About 25 km south of the city of Cap Haïtien in northern Haiti stands the Citadelle Laferrière, the largest stone fortress in the Americas, perched on top of the Bonnet à l'Évêque mountain. Its construction was ordered by King Henri Christophe, a key figure in the Haitian revolution of 1791–1804, and it was built shortly after independence by the first freed slaves in order to protect themselves from a possible French attack. The Citadelle was declared a World Heritage Site by UNESCO in 1982. The views from the top are breathtaking and on clear days visitors can make out the island of Cuba. See
Haitian cuisine is very rich in spices, and rice, rum and tropical fruit juices also predominate.
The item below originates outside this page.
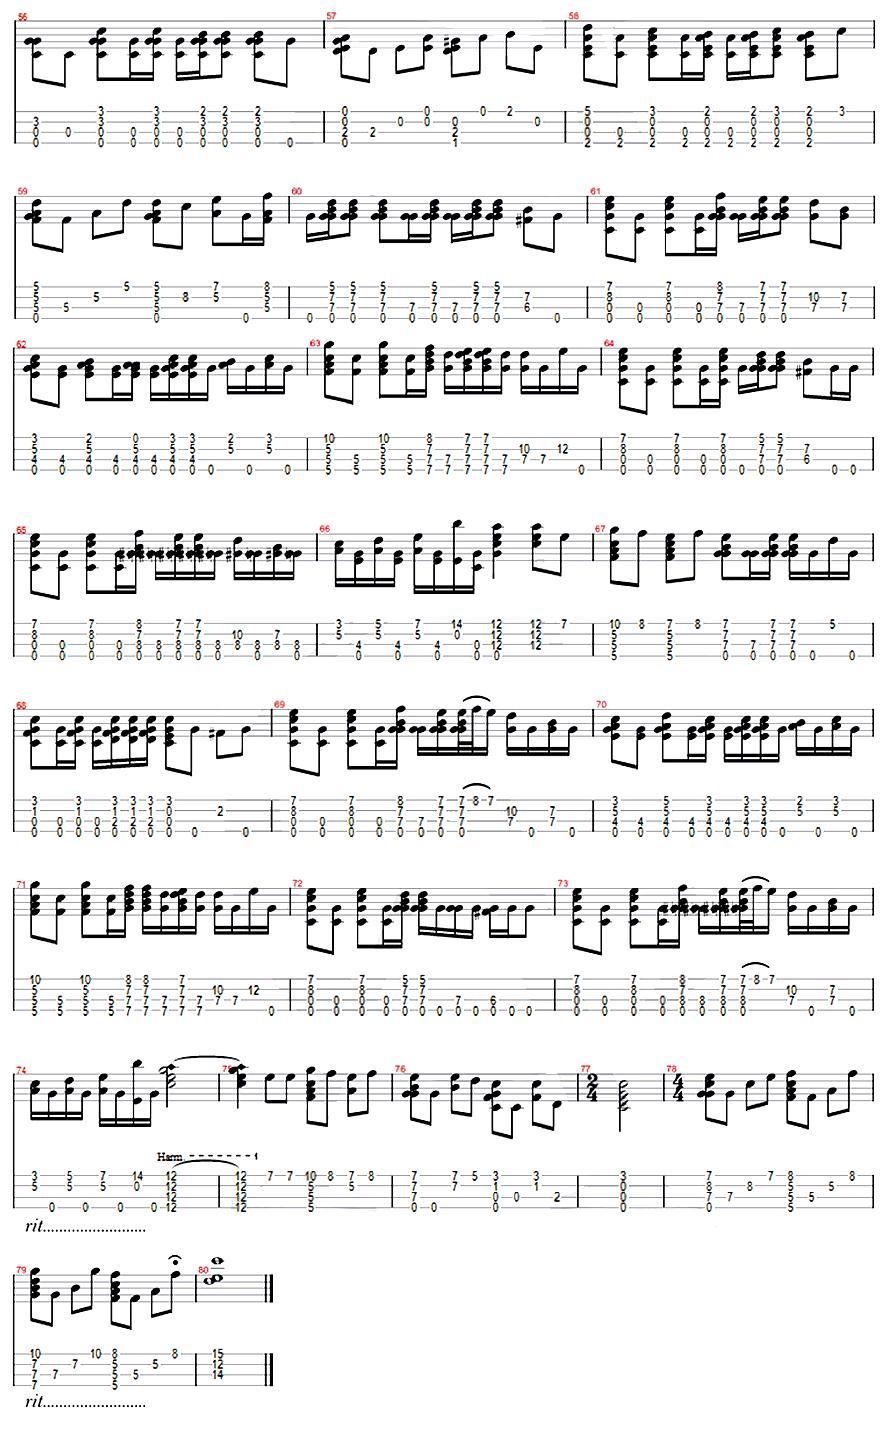 彩虹 ukulele指弹谱

The djon-djon, a mushroom native to Haiti, is used in the preparation of a tasty rice dish called Diri-djon-djon. If you want to delight your palate with Caribbean–European fusion food, it’s essential that you eat at Papaye, a restaurant located in the suburb of Pétionville, Port-au-Prince.


Getting there: American Airlines flies to Port-au-Prince and Cap Haïtien, from where you can drive to Jacmel and the Citadelle, respectively. It is advisable to book local transport in advance. To go to Île-à-Vache, drive to Les Cayes and book transport to the island by boat through the hotel.